A word with a Ward, Award-maker, leaves worried BBC journo wordless

Dapper designer John Ward, earlier this week, wearing one of his many professional hats…

A couple of days ago, I posted a blog about this year’s Malcolm Hardee Cunning Stunt Award for best publicity stunt at the Edinburgh Fringe. The trophy itself – as with all Malcolm Hardee Awards – was designed and made by mad inventor John Ward.

Dr David Weeks’ academic analysis…

Among John Ward’s many other accomplishments are writing a weekly column – Ward’s World – for the Spalding Guardian newspaper and ‘starring’ in psychiatrist Dr David Weeks’ 1995 academic book Eccentrics: A Study of Sanity and Strangeness.

Yesterday, I got an email from John Ward:

“A BBC Three Counties Radio bod rung me up just now – asked me about the Malcolm Hardee Award and asked was I willing to do an over-the-phone interview later today.

“Then he asked me if I had any connections with Edinburgh other than the Awards side. 

“I said: My psychiatrist lives there (as in David Weeks) and then things seemed to get sort of quiet and he said he would ‘get back to me later’.

“I have heard no more.”

Obviously the BBC has to ‘up’ its reporters’ inquisitiveness.

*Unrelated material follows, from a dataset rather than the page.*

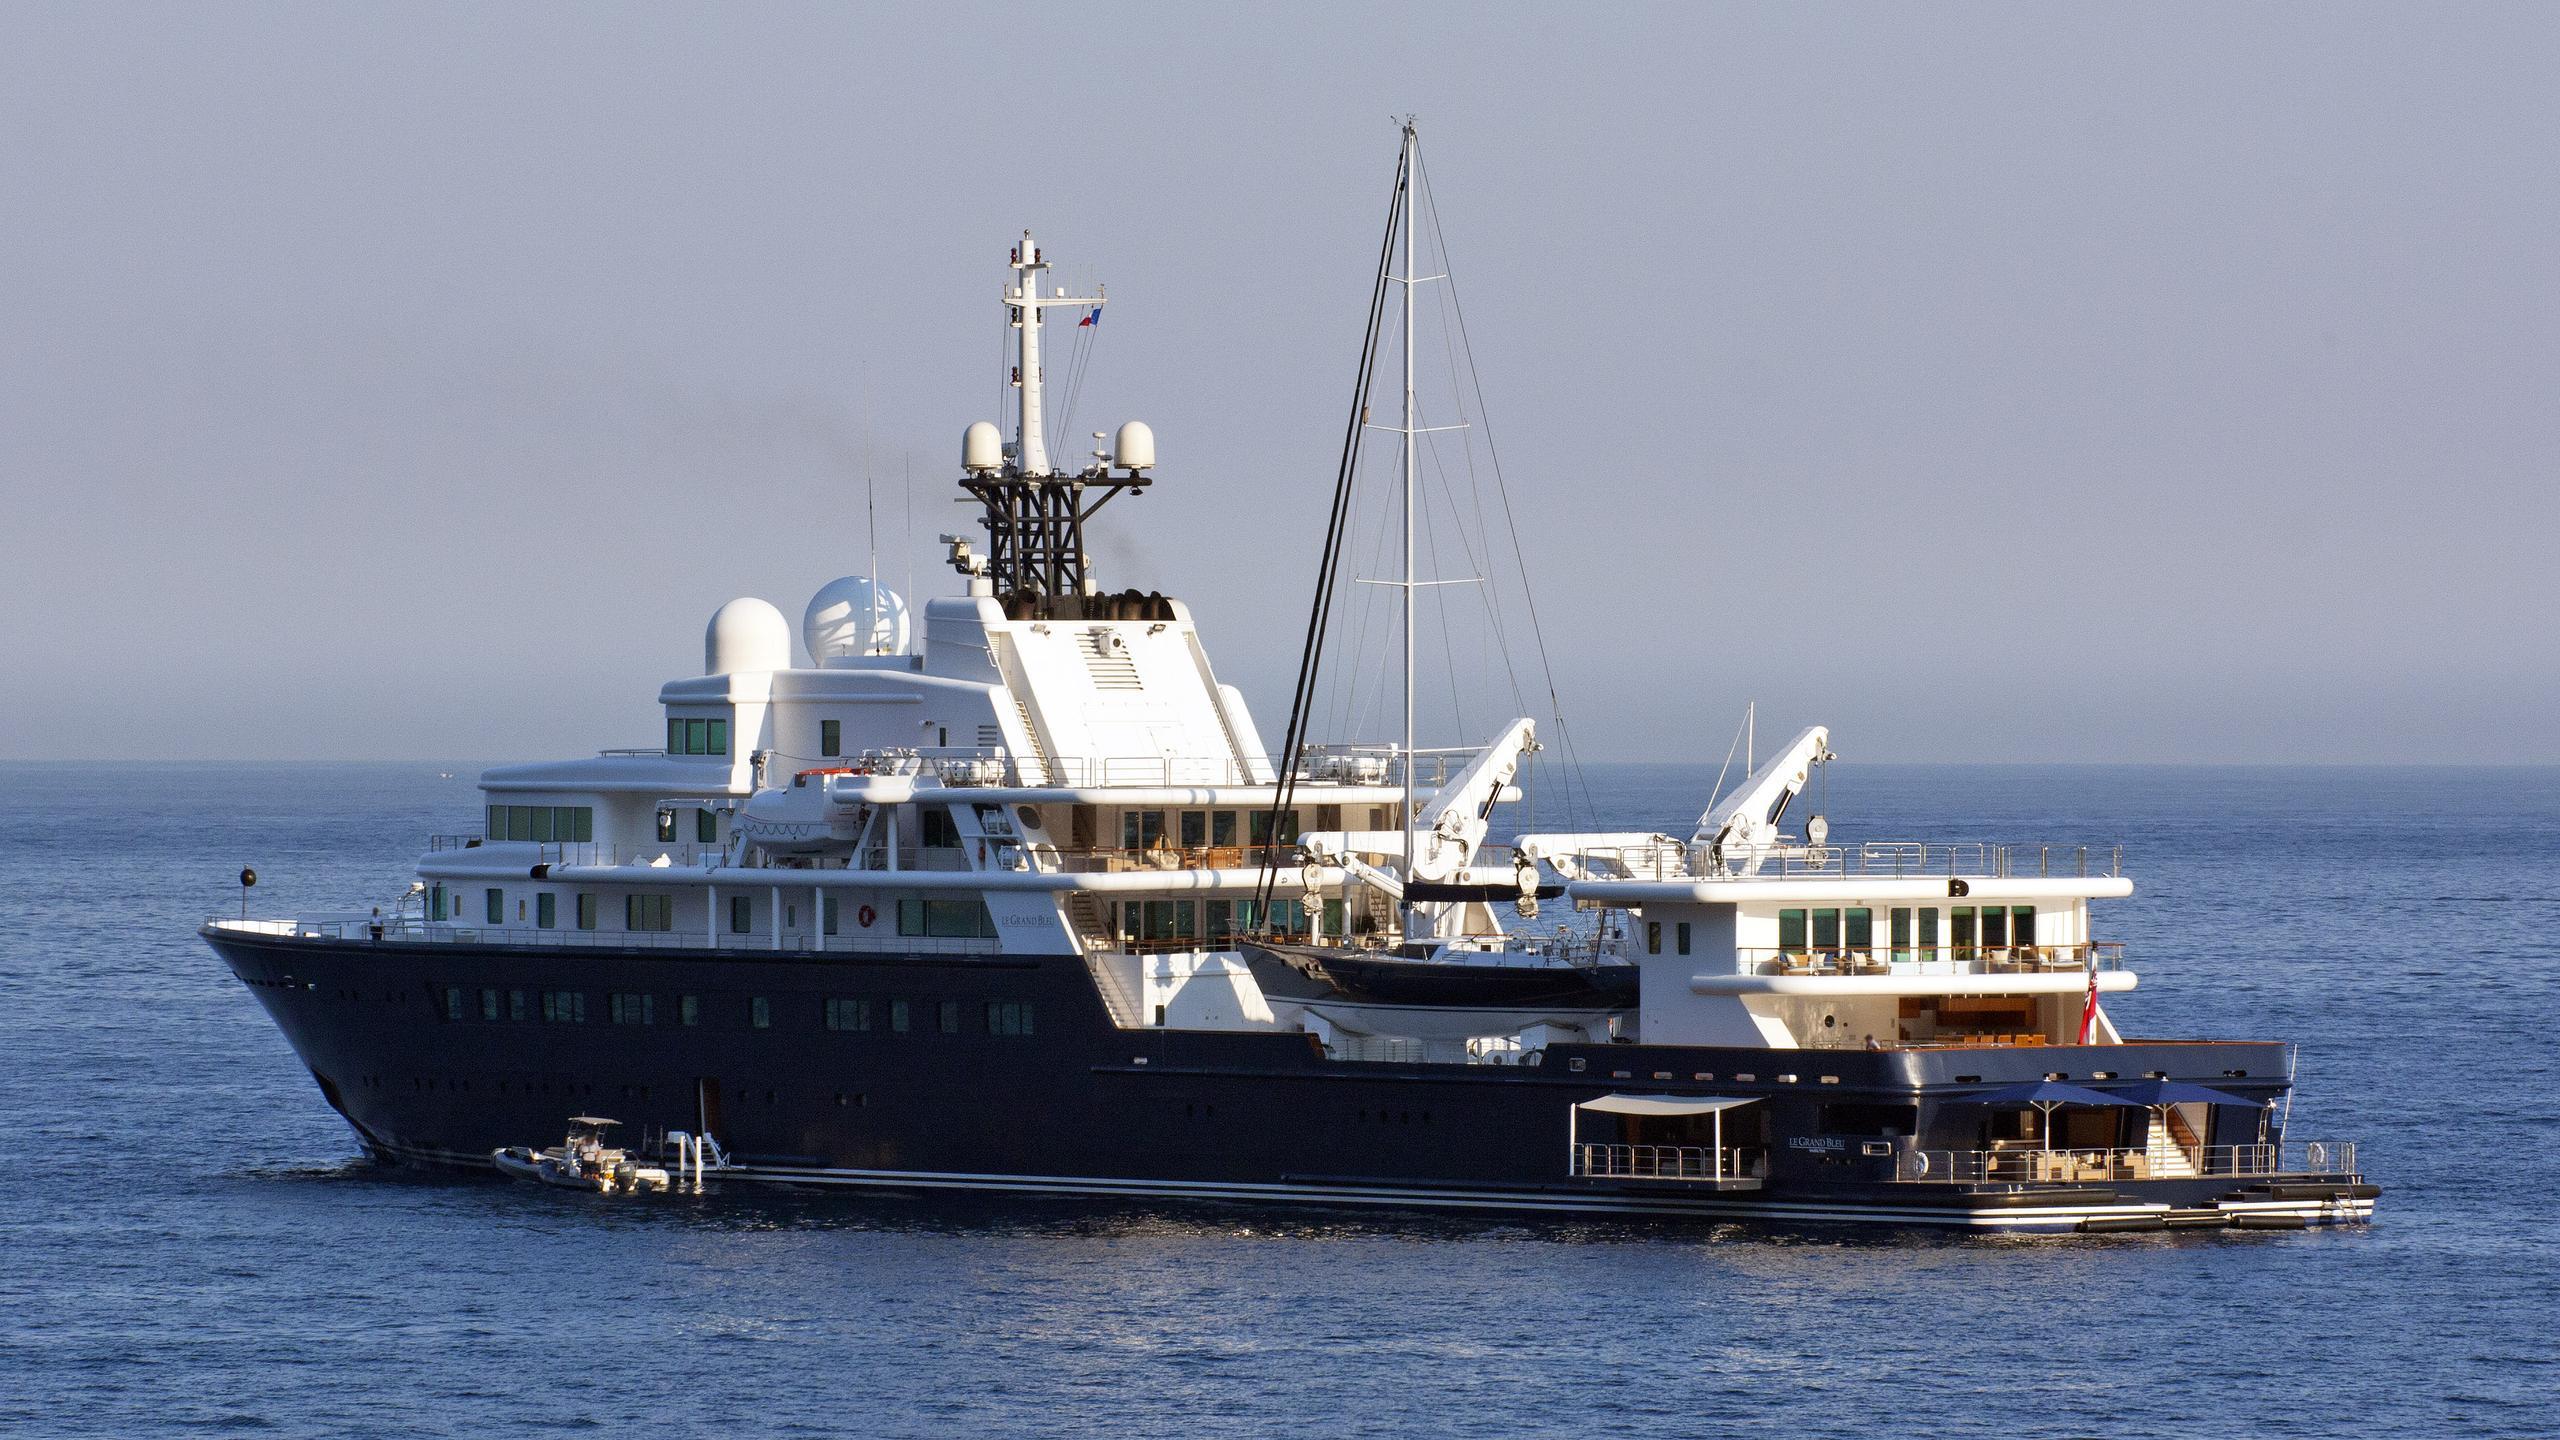 le-grand-bleu-explorer-yacht-bremer-vulkan-2000-113m-half-profile

They should have been even more interested by the mention of a psychiatrist and should also have asked the obvious question: “If you live in the middle of England, why do you have a psychiatrist in Scotland?”

John Ward is also featured (among many other appearances) in the 2015 documentary film A Different Drummer: Celebrating Eccentrics by Academy Award winning director, John Zaritsky.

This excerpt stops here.